On Grant Avenue, Chinatown’s hallmark tourist corridor, only 45 businesses out of the more than 200 that operated before the pandemic are still open. More might not survive, business leaders say.
More vacancies beget fewer visitors, which beget even more closures.
As a result, Chinatown is at risk of falling into a “downward spiral,” Gee said.
Foot traffic could also be tied to a more ominous reality: fear for personal safety.
“I still feel like a lot of people are afraid to come to Chinatown because of all the Asian hate crimes that have been happening,” Hung said. “We also feel a little worried for our safety as well just with everything that’s been happening.”
Violence and harassment against San Francisco’s Asian and Asian American community has spiked over the last year. Earlier this week, two elderly women were stabbed at a Muni bus stop on Market Street, although police have said there is no clear indication the attack was a hate crime. In a separate incident, a father walking his child in a stroller was beaten in Mission Bay.
Mak closes Dim Sum Corner early, in par so that her employees can travel home with daylight.
“We reduced our hours because of lack of foot traffic but also because of lack of foot traffic but also because we want to make sure our employees get home at a reasonable hour,” she said. “It’s a safety issue right now.”
Slow business hurts the entire Chinatown economy.
Mak and Hung both employed almost exclusively Chinatown residents, many of whom live in single-room occupancy buildings. Both have been unable to hire their full workforce for more than one year.
Additionally, they source their ingredients from local markets. Fewer customers lead directly to smaller food purchases, which hurts the mom-and-pop shops that have long fed the community dishes essential to their cultural legacy.
“It’s all so circular. Everything. That’s hit us all really hard,” Mak said.
For decades, Chinatown has proven its resiliency as an iconic symbol of culture, but now community leaders agree it needs help to survive.
“By supporting neighborhood such as Chinatown, The City will flourish and we will see the return of toursits,” Chin said.

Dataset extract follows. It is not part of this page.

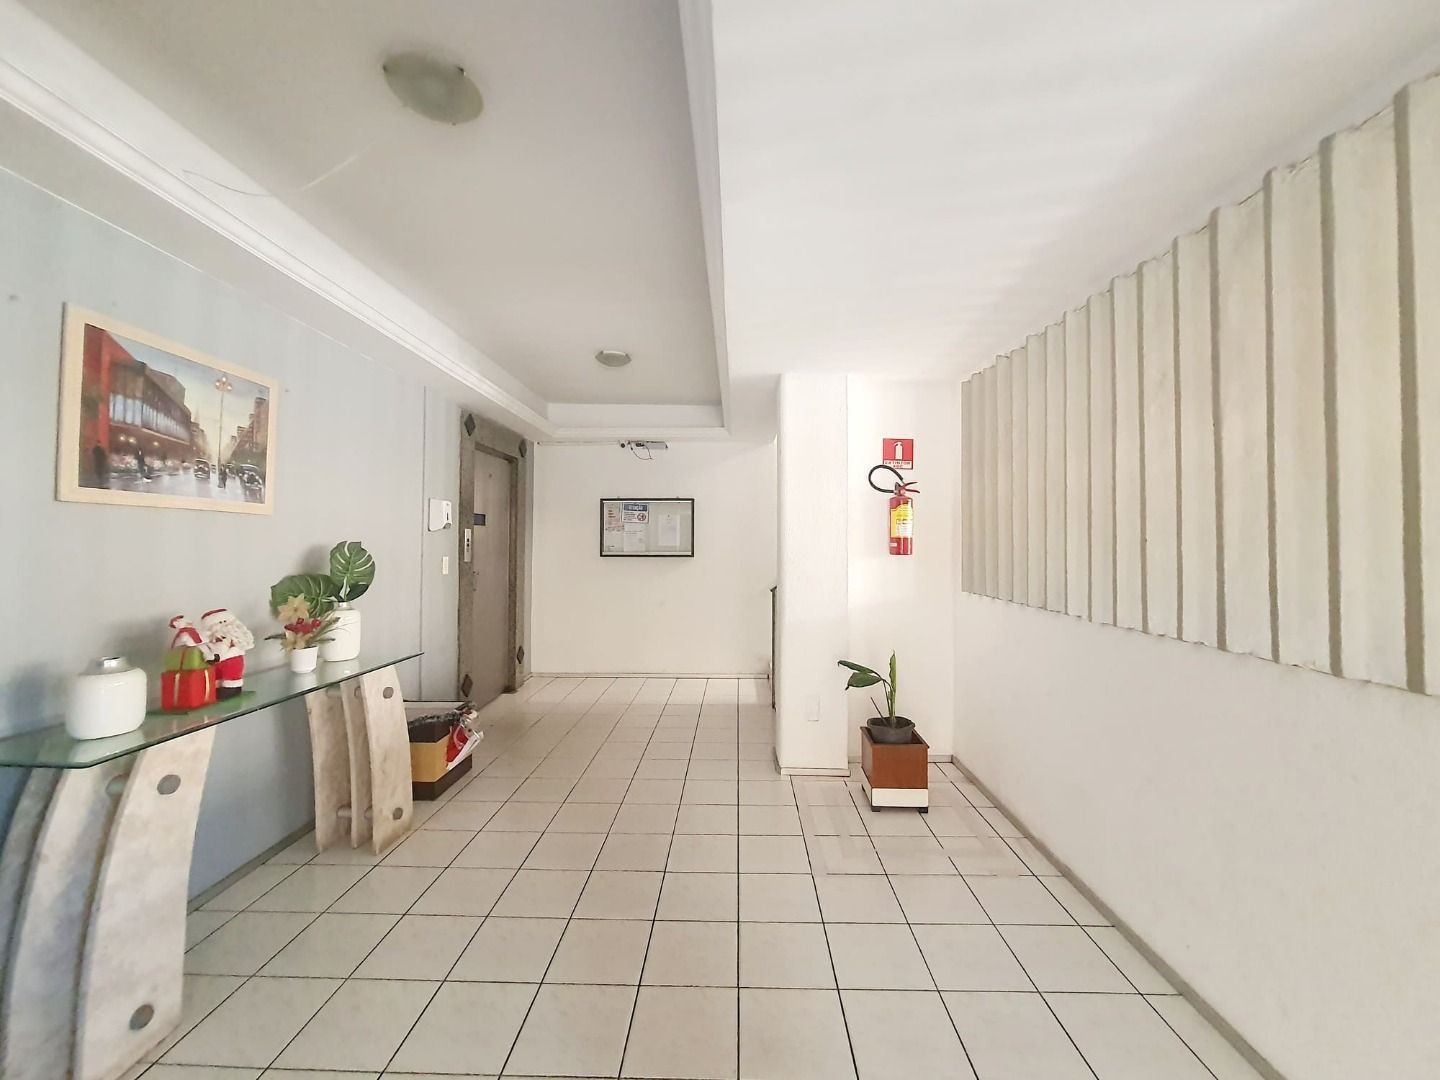 Apartamento, 2 quartos, 80 m² - Foto 2
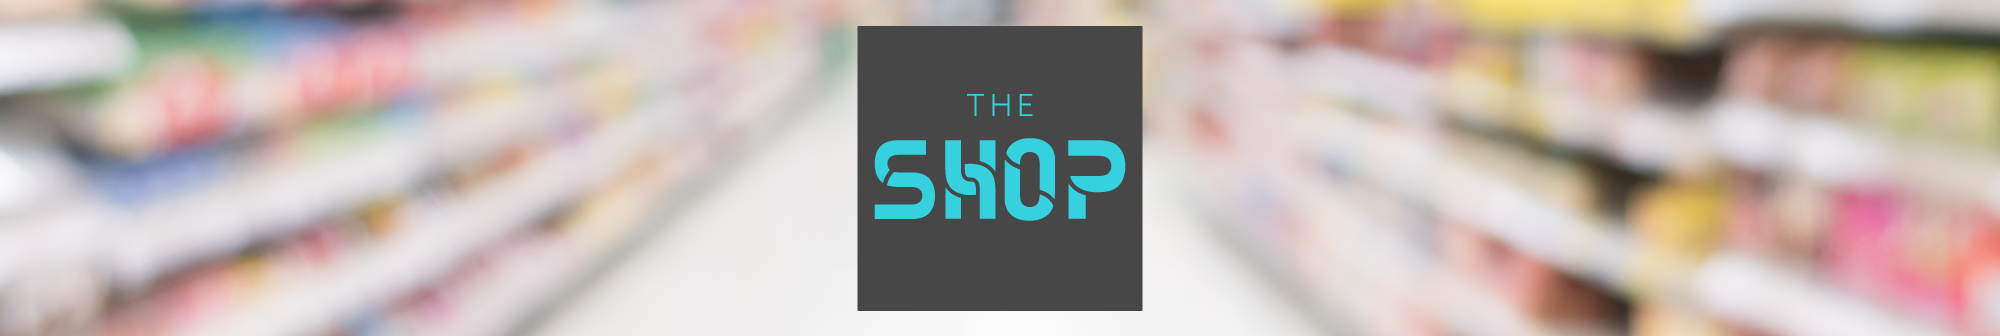 The Shop Logo header image

Some programs, such as Feed and Fuel, a private-public partnership in which restaurants are paid to make meals then distributed to those facing food insecurity, have effectively bolstered local businesses such as Dim Sum Corner and Washington Bakery.
Others, including numerous city-run grants to support construction of Shared Spaces parklets, haven’t provided the levels of relief required or have failed to reach merchants in need altogether.
Mak, who received $500 for outdoor furniture, said she’s worried Chinatown will be an afterthought, threatening its demise.
“I can’t imagine not having Chinatown,” she said.